Troubleshooting UNIX Systems with Lsof(From Internet)
So excellent articles, but the blogspot.com is blocked by STH. so i paste it here.
Original Link: http://0xfe.blogspot.com/2006/03/troubleshooting-unix-systems-with-lsof.html
One of the least-talked-about tools in a UNIX sysadmin’s toolkit is lsof. Lsof lists information about files opened by processes. But that’s really an understatement.

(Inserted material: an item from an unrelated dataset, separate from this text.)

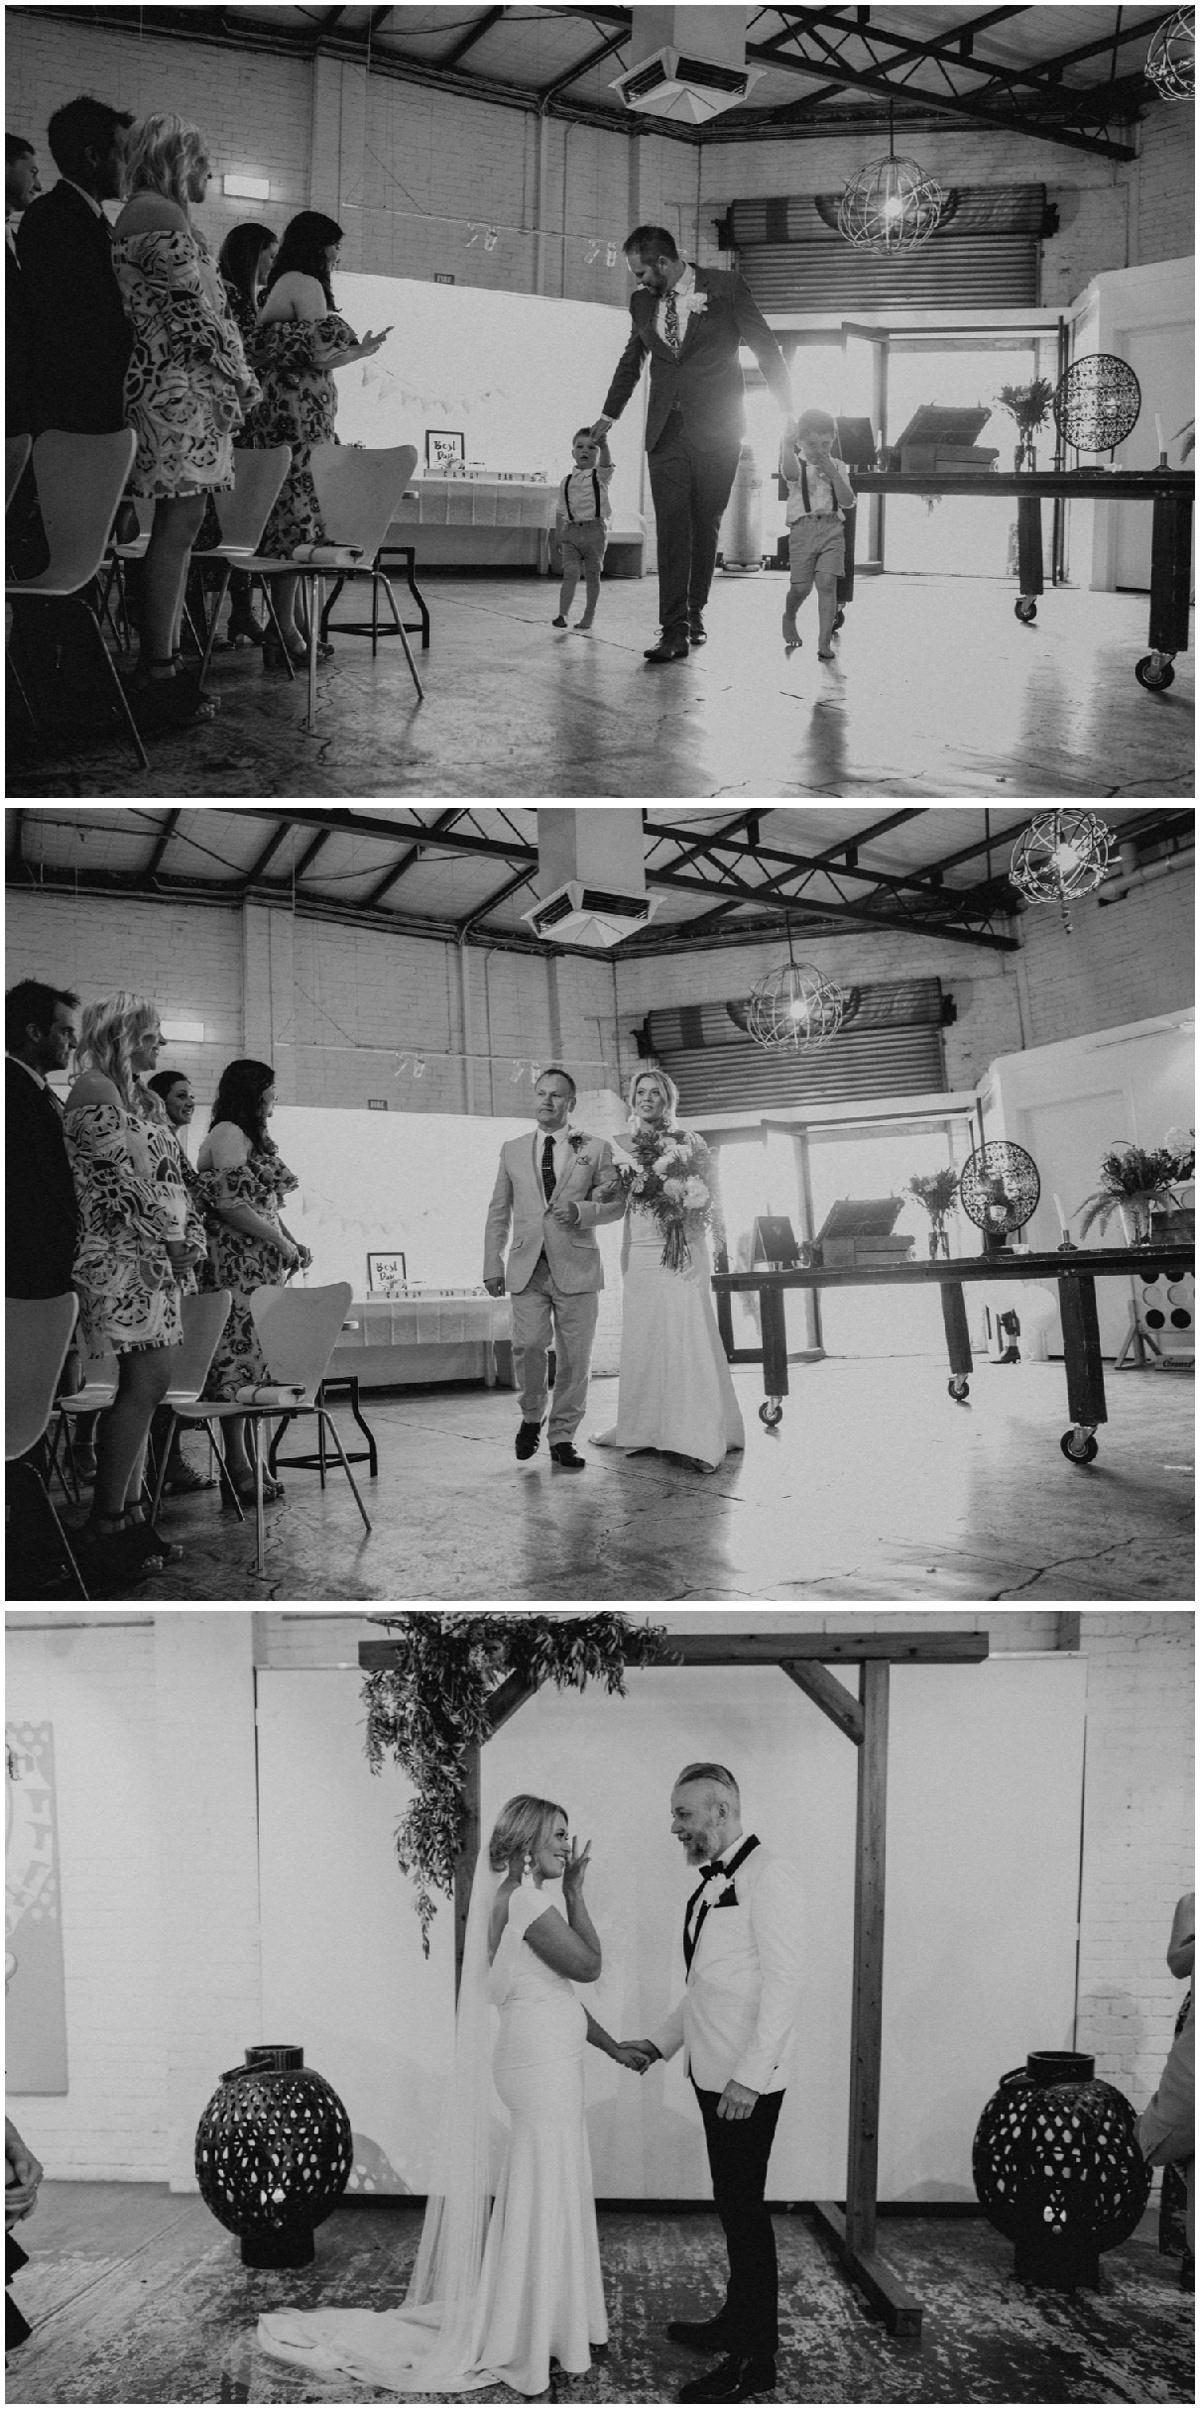 Emily_Tim_Melbourne_Beach_city_wedding_096.jpg

Most people forget that, in UNIX, (almost) everything is a file. The OS makes hardware available to applications by way of files in /dev. Kernel, system, memory, device etc. information in made available inside files in /proc. TCP/UDP sockets are sometimes represented internally as files. Even directories are really just files containing other filenames.
Lsof works by examining kernel data-structures and provides a variety of information related to files, pipes, sockets and more.
Lsof is installed by default on most Linux distributions, BSD distributions and OS X. Binary packages for Solaris, AIX, HP-UX, *cough*SCO OpenServer*cough* and many other UNIXes (Unices?) are available on the web.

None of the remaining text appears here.